Gallery News in Paris

In an article (Sélection de galeries, September 17) for Le Monde, Geneviève Breerette reviews two new shows in Paris. The first, Les Quatre Saisons by Michelangelo Pistoletto, is at the Galerie de France (54, rue de la Verrerie, in the 4th arrondissement, until October 30). I can't find any pictures, but the reviewer says that the work is four deceptively neoclassical sculptures (my translation):
goddesses in white marble, sculpted similarly. It's not the torso measured according to the canon of antique beauty that we notice first, but the enormous weight, crushing, that each statue has on its shoulders in place of a head. The burden in question is a single or double bust portrait, depending on the season, made of a mysterious material, which is in fact painted polyurethane.

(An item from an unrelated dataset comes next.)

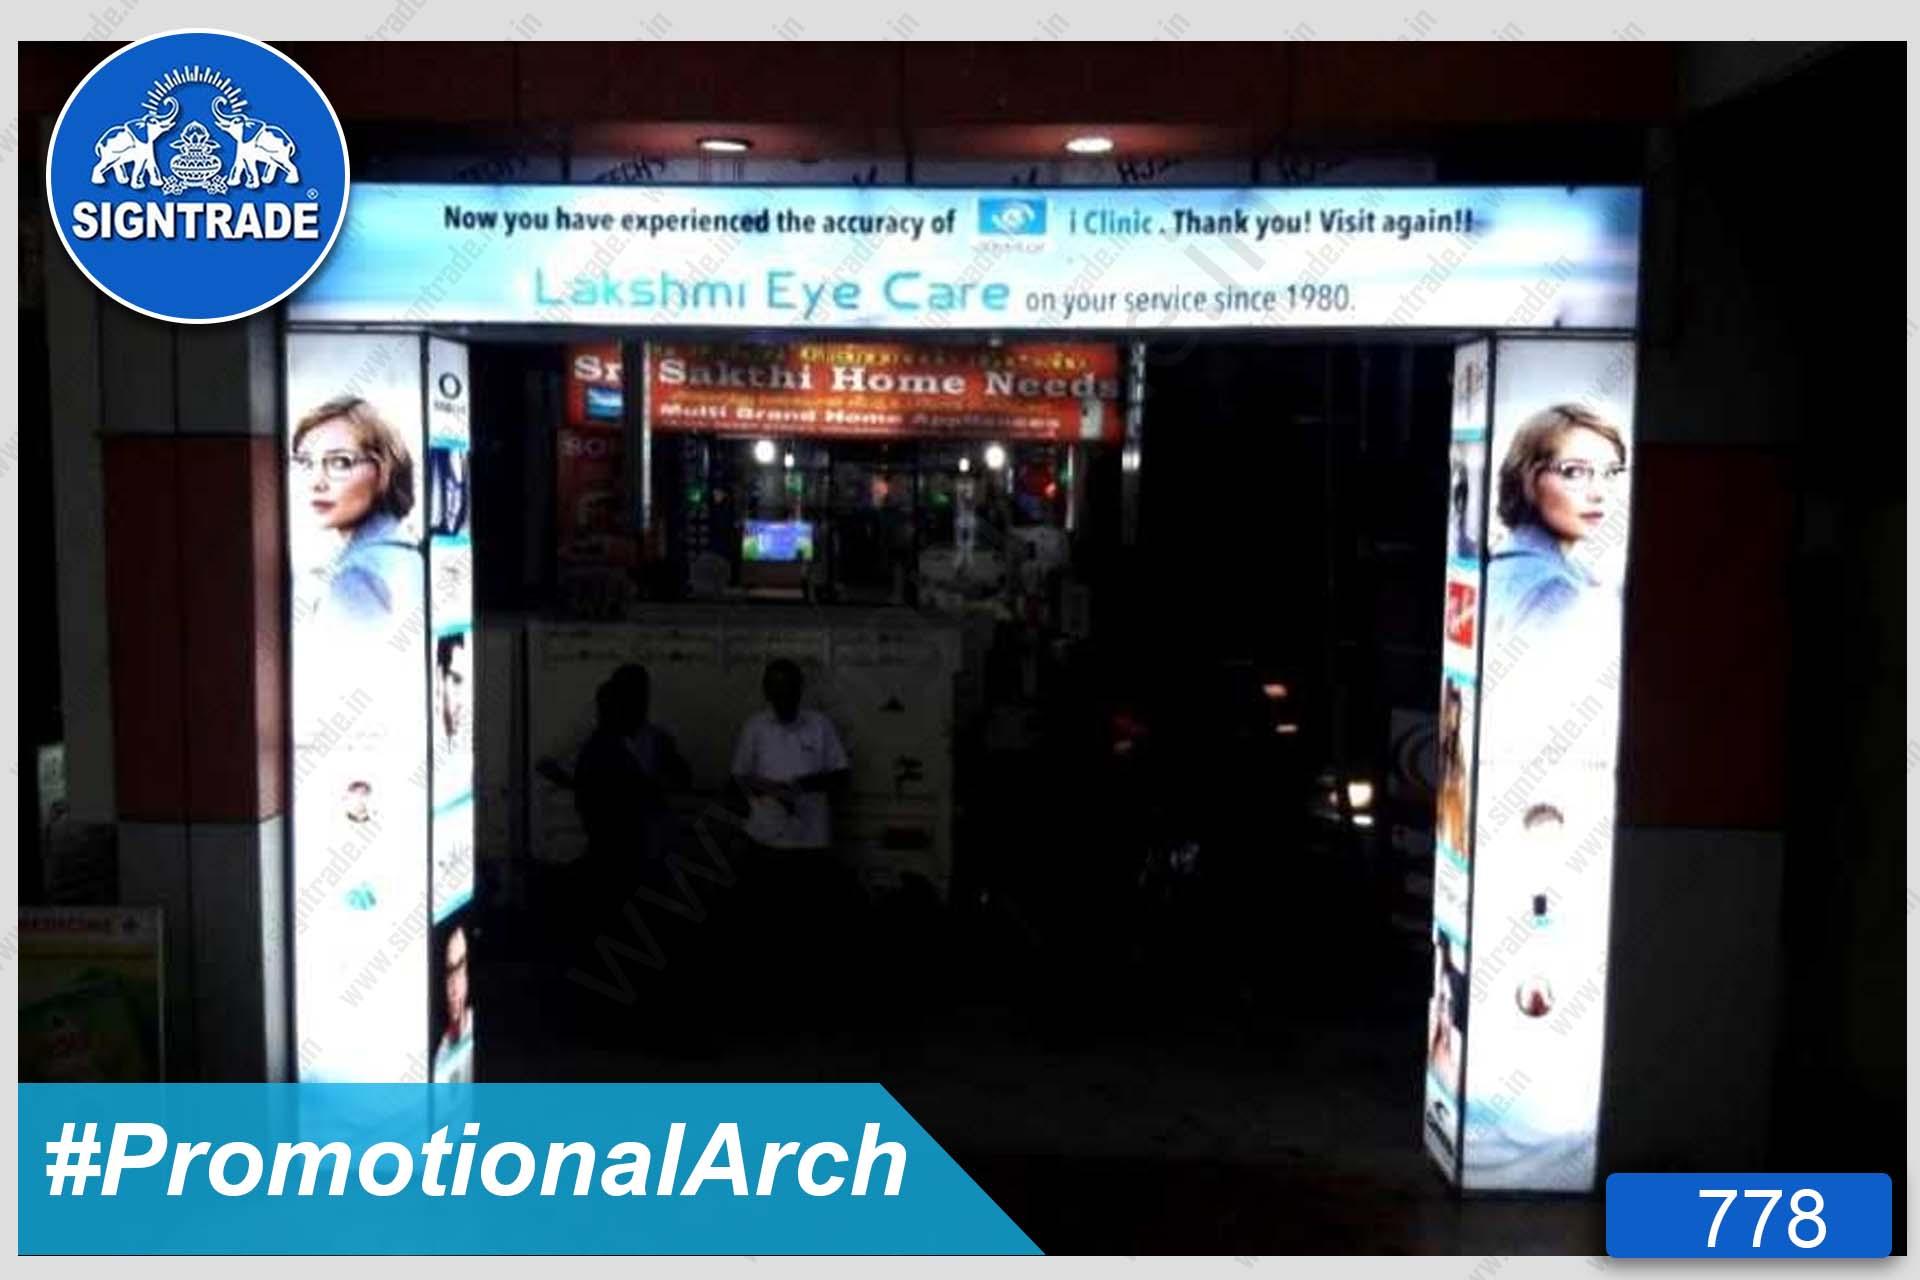 Lakshmi Eye Care - Promotional Arch

Loss, by Hans Op de Beeck, Galerie les filles du Calvaire, ParisThe other show is called Loss, an installation by Hans Op de Beeck, at the Galerie les filles du Calvaire (17, rue des Filles-du-calvaire, in the 3rd arrondissement) until September 30:
For his first exhibit in Paris, Hans Op de Beeck has made an installation that could be called literary and which may annoy you because of that. The work, titled Loss, is a round basin covered with white waterlilies placed in front of a screen. Images in black and white, somewhat blurry, are accompanied by a text by the artist in which the speaker laments the disappearance of a beloved being: the beloved sister, perhaps, of an incestuous love. Although placed between two excerpts of a Monteverdi madrigal, this sad and faraway song leads us to the threshold of dead Bruges rather than Italy. It seems like the artist has left behind the walkways of everyday life to be reunited with a fin-de-siècle symbolism, not without taking a detour through the surrealists or a stop in the limitless territories of Marcel Broodthaers.

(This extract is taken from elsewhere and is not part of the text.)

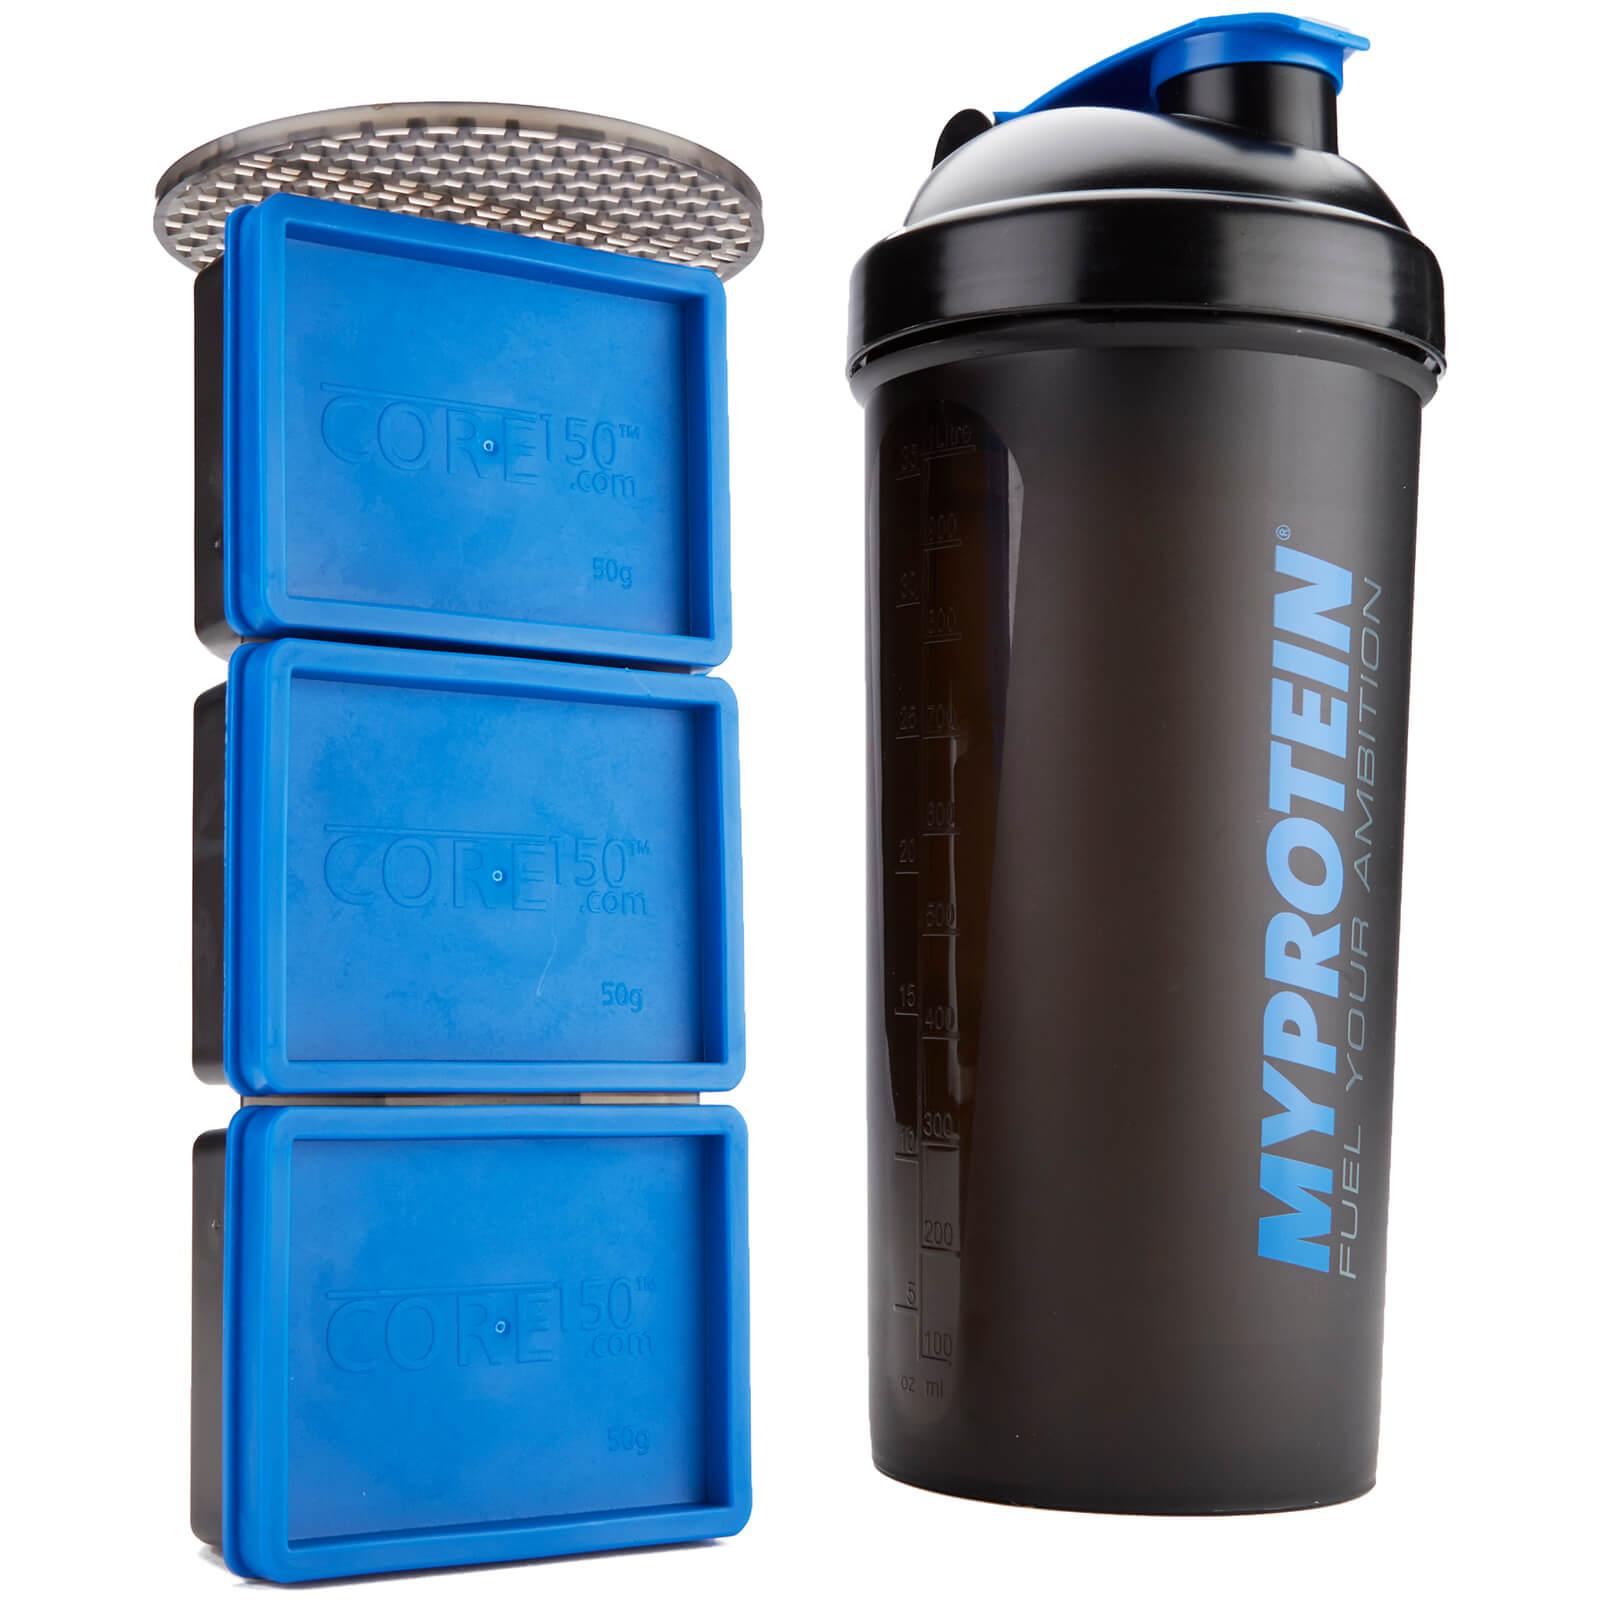 Protein Shaker Ne Kadar: Shaker Myprotein CORE 150 - Negru

The first thing that I thought of when I saw the four images on the gallery's Web site was that they were pictures of the gloomy forest world of Allemonde, in Maeterlinck and Debussy's Pelléas et Mélisande. The woman in the video, if her hair were blonde, could easily be Mélisande.

You may like to know that the Le Monde Web site links to a useful resource, ArtXchange, which is a list of all the active galleries in Paris. Nice.